After this little jaunt, brute force stops making sense, and one should like to generally describe cases. Clearly situations leading to the case when a is not an integer are "out" yet it seems that pushing this a bit further should lead to most of what the OP has advertised as the ten "really distinct" solutions (the above poster distinguishes between cases, so for him there is some larger, equivalent combinatorial count, assuming the OP's claim is correct).
Josiah Miller
Still, playing with (varying) a would still seem to make sense, and does yield a few degenerate cases with negative components worth mentioning, in addition to contradictions and analogous reiterations of the above.

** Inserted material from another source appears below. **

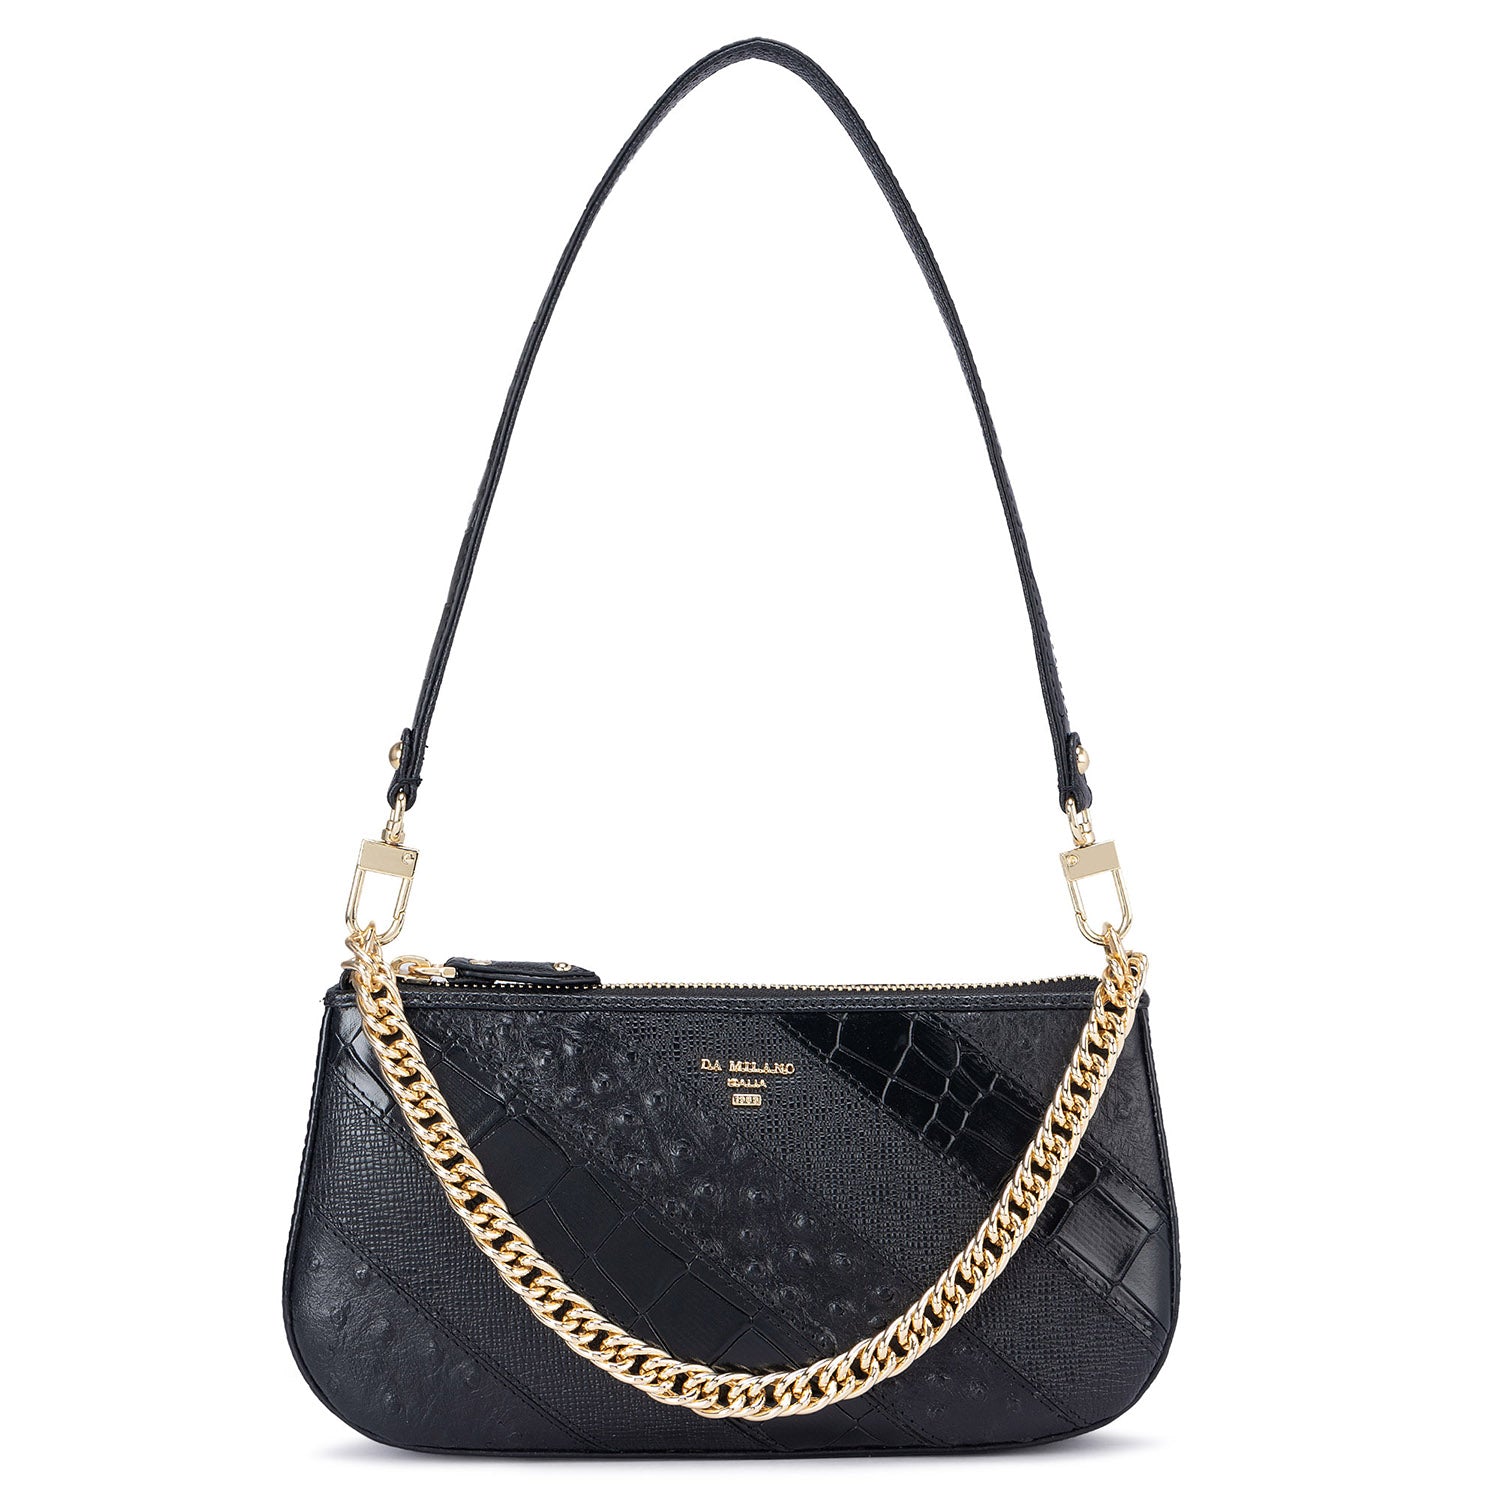 Da Milano Handbags : Buy Da Milano Black and White Leather

So far I count these, being trivial (zero), degenerate (having negative components) and nontrivial:
(0,0,0)
(-4,-4,1) (2,2,-1) (3,3,-6)
(6,6,6) (5,5,10) (8,8,4) (12,12,3)
and the (3,5,10) solution (emphasis that the word solution is not plural) mentioned by another user, not to mention the other bits mentioned by a later user.
Alexander Sullivan
(3,10,15), excuse me.
Nathan Roberts
They said Matlab wasn't useful
Justin Adams
I'm an idiot but I got 12x1x3
Jonathan Howard
2(ab+bc+ca)=abc, ab(c-2)=2c(b+a) c=3, ab=6(b+a), b(a-6)=6a, b=2*3a/(a-6) or letting a=a-6 b=6(a+6)/a For a = 1-4, 6, 9, 12, 18, 36 we get natural b. c=4 then ab=4(b+a) or b=4(a+4)/a a = 1,2,4,8 c=5 then 3ab=10(b+a), b=10a/(3a-10) a = 5 So, I have (7,42,3), (8,24,3), (9,18,3), (10,15,3), (12,12,3), (5,20,4), (6,12,4), (4,8,4), (5,10,5), (6,6,6)
Jaxson Nelson
OP here. Goddammit, I knew I would overlook some important detail. I should have specified that the rectangular prism must have positive, non-zero lengths for the sides. And I should have said that the order in which the sides are listed doesn't matter (in other words, "8,8,4" is functionally the same as "4,8,8"

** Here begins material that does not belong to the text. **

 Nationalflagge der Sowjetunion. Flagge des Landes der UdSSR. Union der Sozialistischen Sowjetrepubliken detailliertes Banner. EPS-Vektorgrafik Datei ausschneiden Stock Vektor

But anyways, the award goes to: and The second answer is more thorough, but there is a mistake / typo regarding "4,4,8". But congratulations nonetheless! You have mentally slaughtered the other posters, and have earned your rank as the smartest posters here (at least for the next 24 hours, until the next puzzle is posted).